Ehsan, N. and Shakery, A. (2016). Candidate document retrieval for cross-lingual plagiarism detection using two-level proximity information. Information Processing & Management, 52(6), pp.1004-1017.

Franco-Salvador, M., Gupta, P., Rosso, P. and Banchs, R. (2016). Cross-language plagiarism detection over continuous-space- and knowledge graph-based representations of language. Knowledge-Based Systems, 111, pp.87-99.

Gelbukh, A. (2009). Computational Linguistics and Intelligent Text Processing. Heidelberg: Springer.

Kashkur, M., Parshutin, S. and Borisov, A. (2010). Research into Plagiarism Cases and Plagiarism Detection Methods. Scientific Journal of Riga Technical University. Computer Sciences, 42(1).

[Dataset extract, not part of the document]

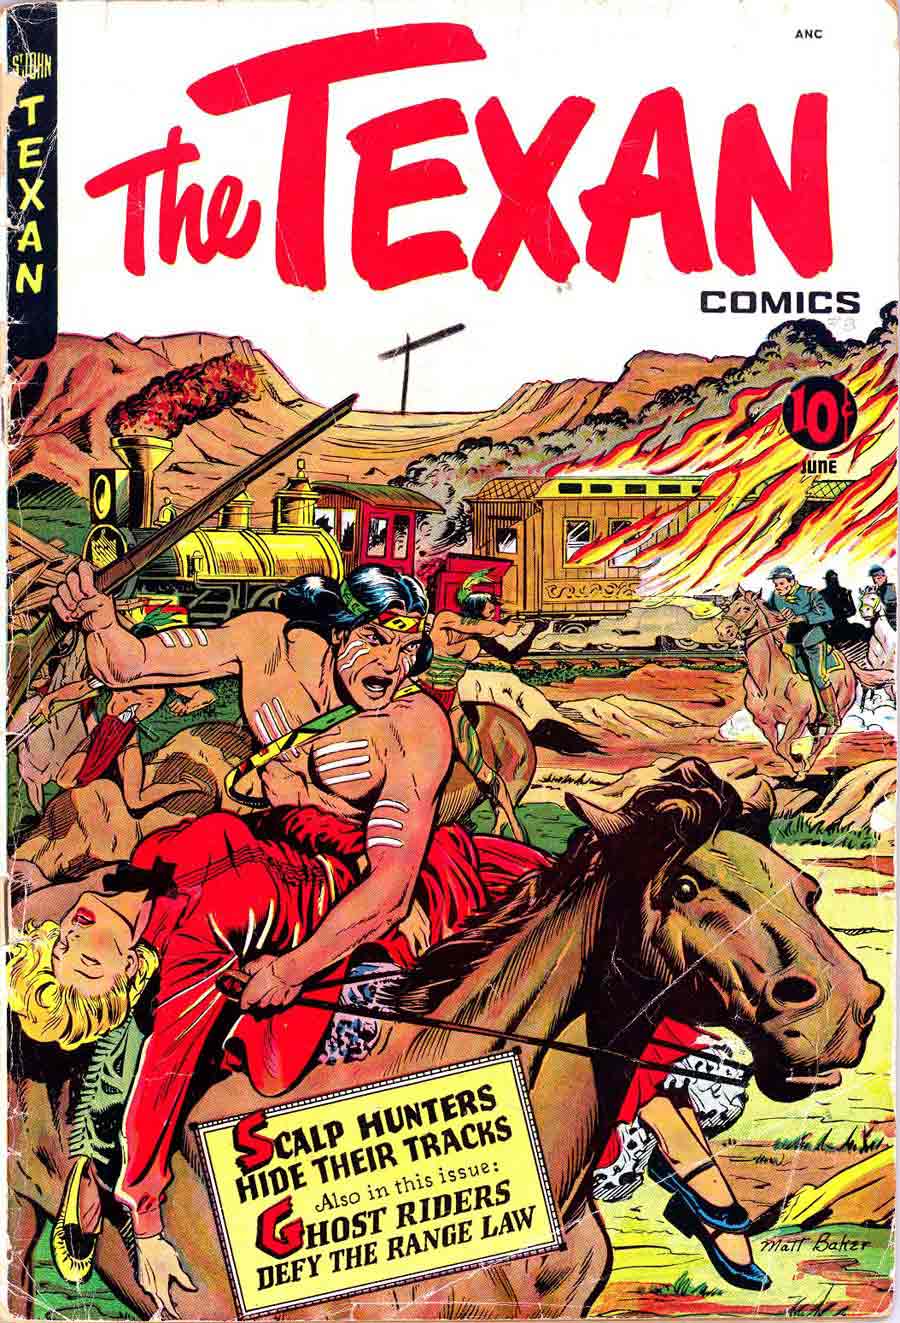 Matt Baker golden age 1950s st. john western comic book cover art - Texan #8

Kasprowicz, D. and Wada, H. (2014). Methods for automated detection of plagiarism in integrated-circuit layouts. Microelectronics Journal, 45(9), pp.1212-1219.

Lee, Y. (2012). Plagiarism Detection among Source Codes using Adaptive Methods. KSII Transactions on Internet and Information Systems.

METHODS FOR INTRINSIC PLAGIARISM DETECTION. (2017). Informatics and Applications.

Potthast, M., Barrón-Cedeño, A., Stein, B. and Rosso, P. (2010). Cross-language plagiarism detection. Language Resources and Evaluation, 45(1), pp.45-62.

Calculate your order
Pages (275 words)
Standard price: $0.00
Client Reviews
Our Guarantees
100% Confidentiality
Information about customers is confidential and never disclosed to third parties.
Original Writing
We complete all papers from scratch. You can get a plagiarism report.
Timely Delivery
No missed deadlines – 97% of assignments are completed in time.
Money Back
If you're confident that a writer didn't follow your order details, ask for a refund.

Calculate the price of your order

You will get a personal manager and a discount.
We'll send you the first draft for approval by at
Total price:
Power up Your Academic Success with the
Team of Professionals. We’ve Got Your Back.
Power up Your Study Success with Experts We’ve Got Your Back.